What to work on >> Repeat the listing below word for word, minus the pictures.

======== Supplied data ========

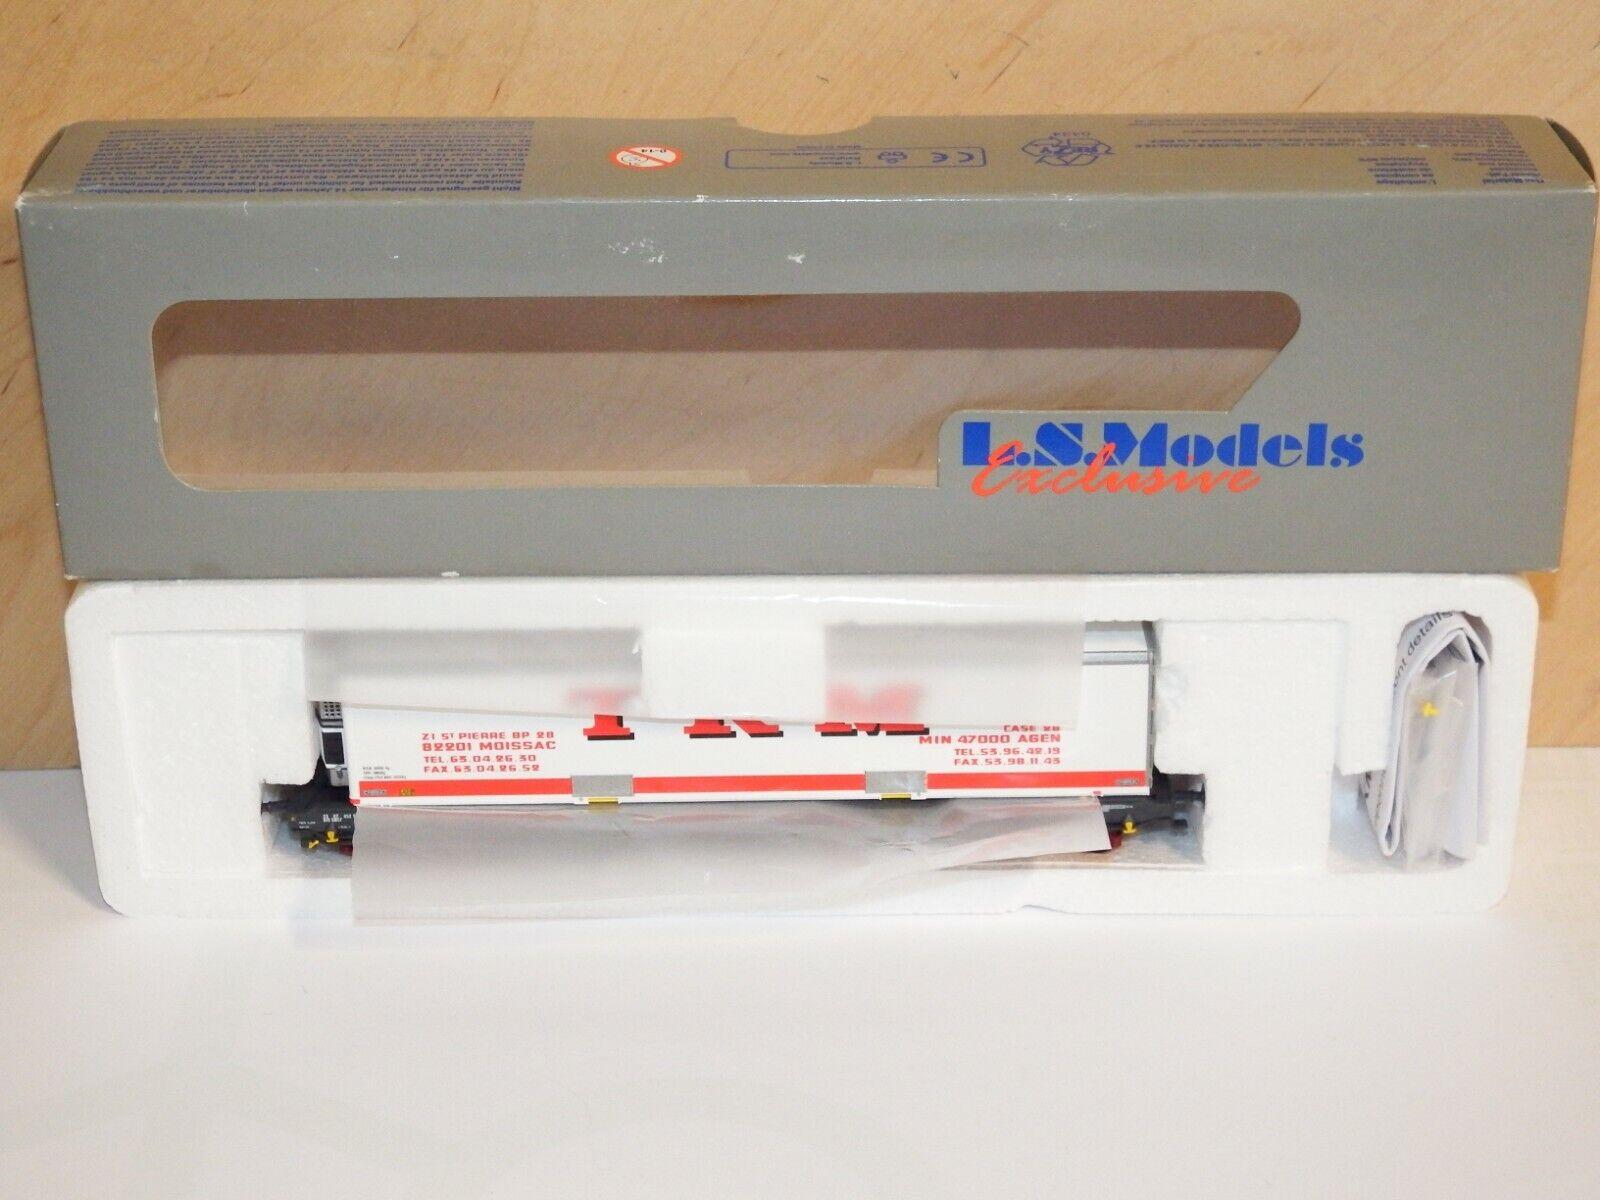 H0 LS MODELS 30302 container Carrello 40' SNCF KKK KKK KKK come nuovo OVP 6522 9b7b53
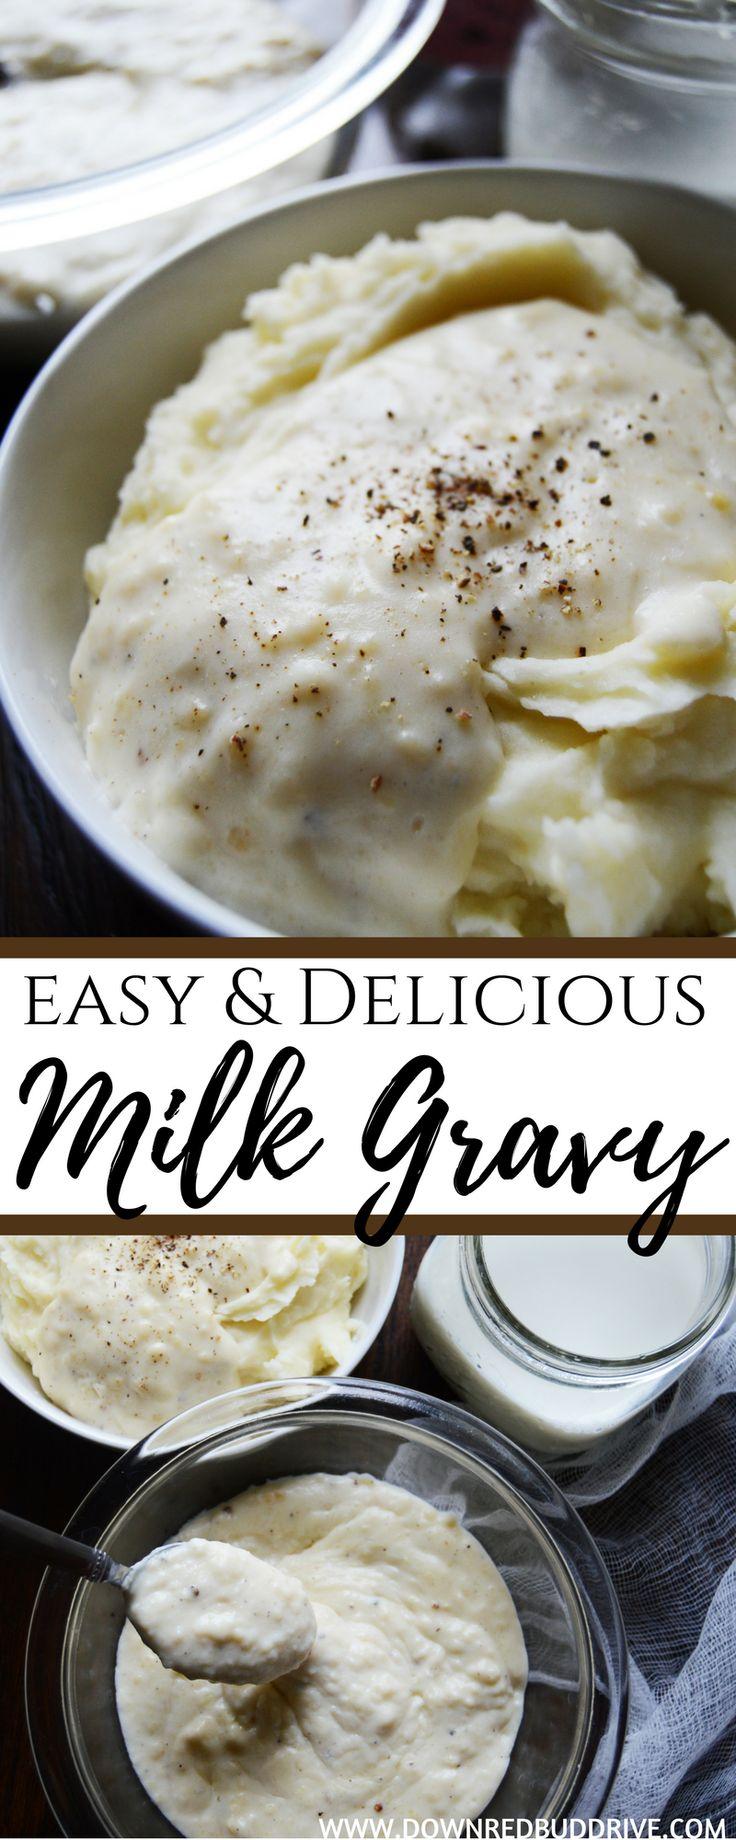 Milk Gravy | Milk Gravy Recipe | White Gravy Recipe | Easy Gravy Recipe | Breakfast Gravy | Sausage Gravy | Bacon Gravy Recipe | Sausage Biscuits and Gravy Recipe |
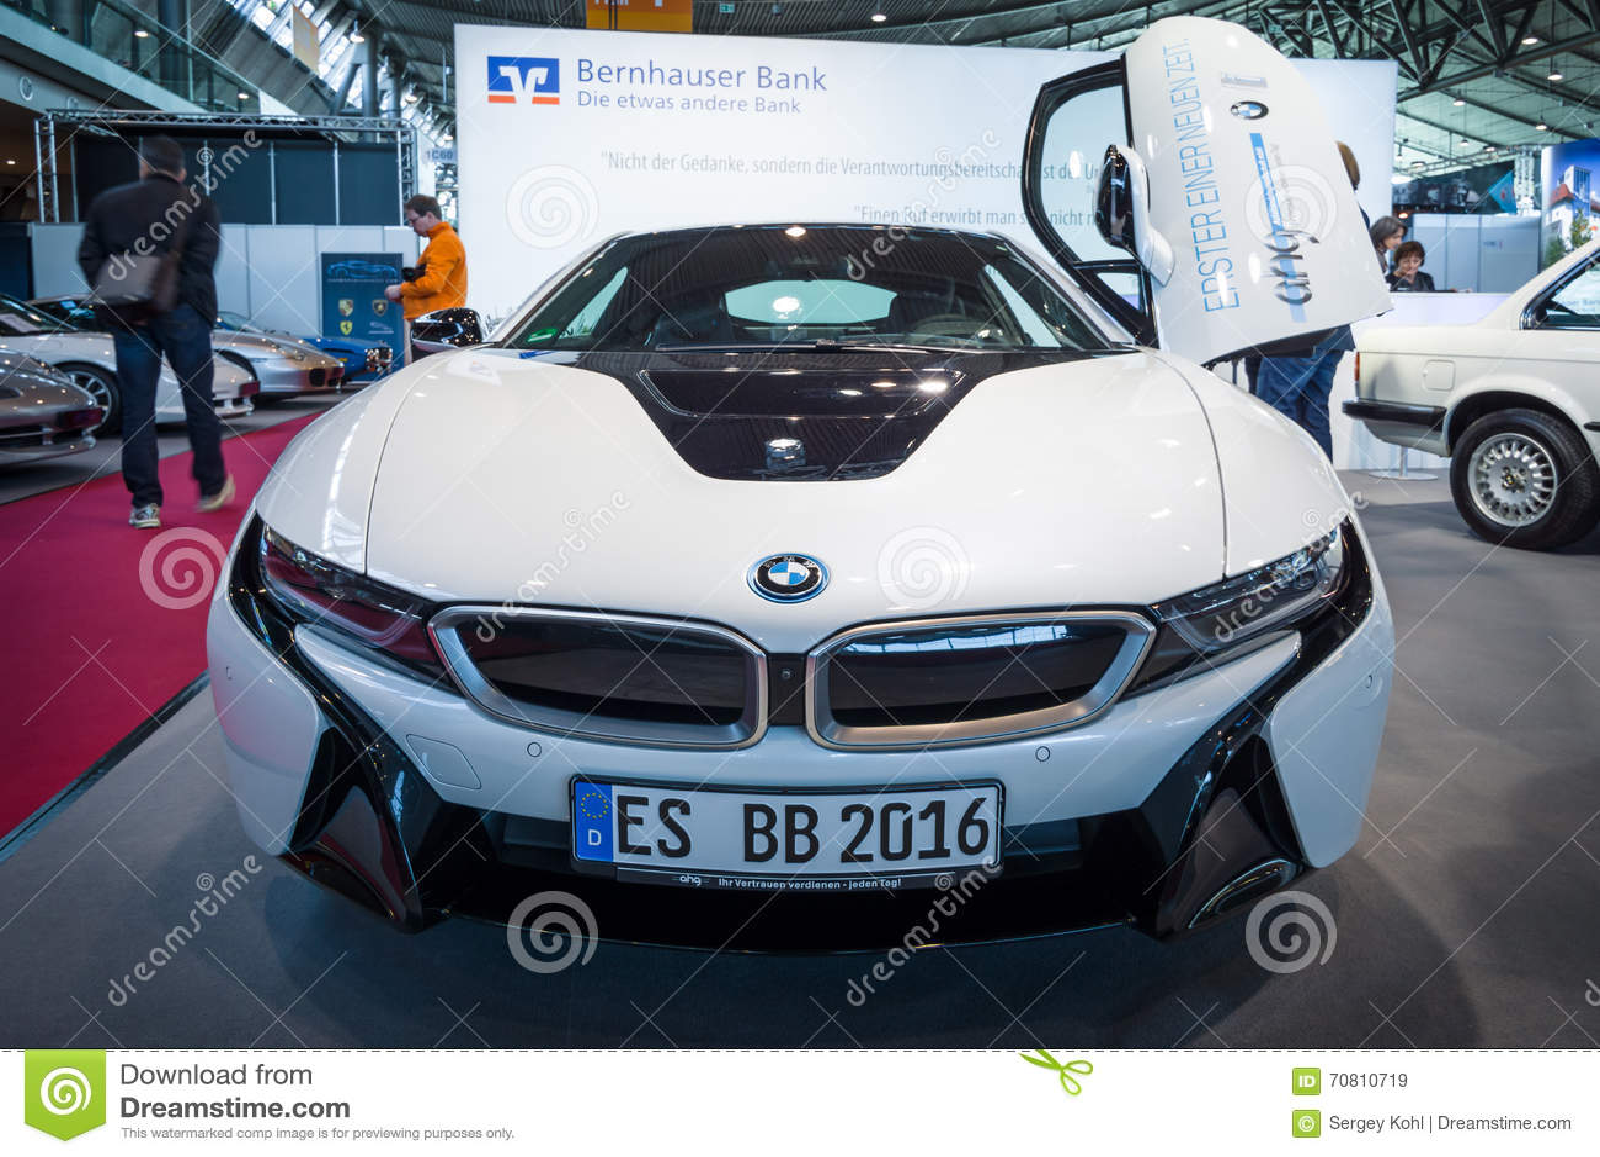 plug-in hybrid sports car bmw i8. editorial stock image - image of

========

Solution below >>
 H0 LS MODELS 30302 container Carrello 40' SNCF KKK KKK KKK come nuovo OVP 6522 9b7b53
 Milk Gravy | Milk Gravy Recipe | White Gravy Recipe | Easy Gravy Recipe | Breakfast Gravy | Sausage Gravy | Bacon Gravy Recipe | Sausage Biscuits and Gravy Recipe |
 plug-in hybrid sports car bmw i8. editorial stock image - image of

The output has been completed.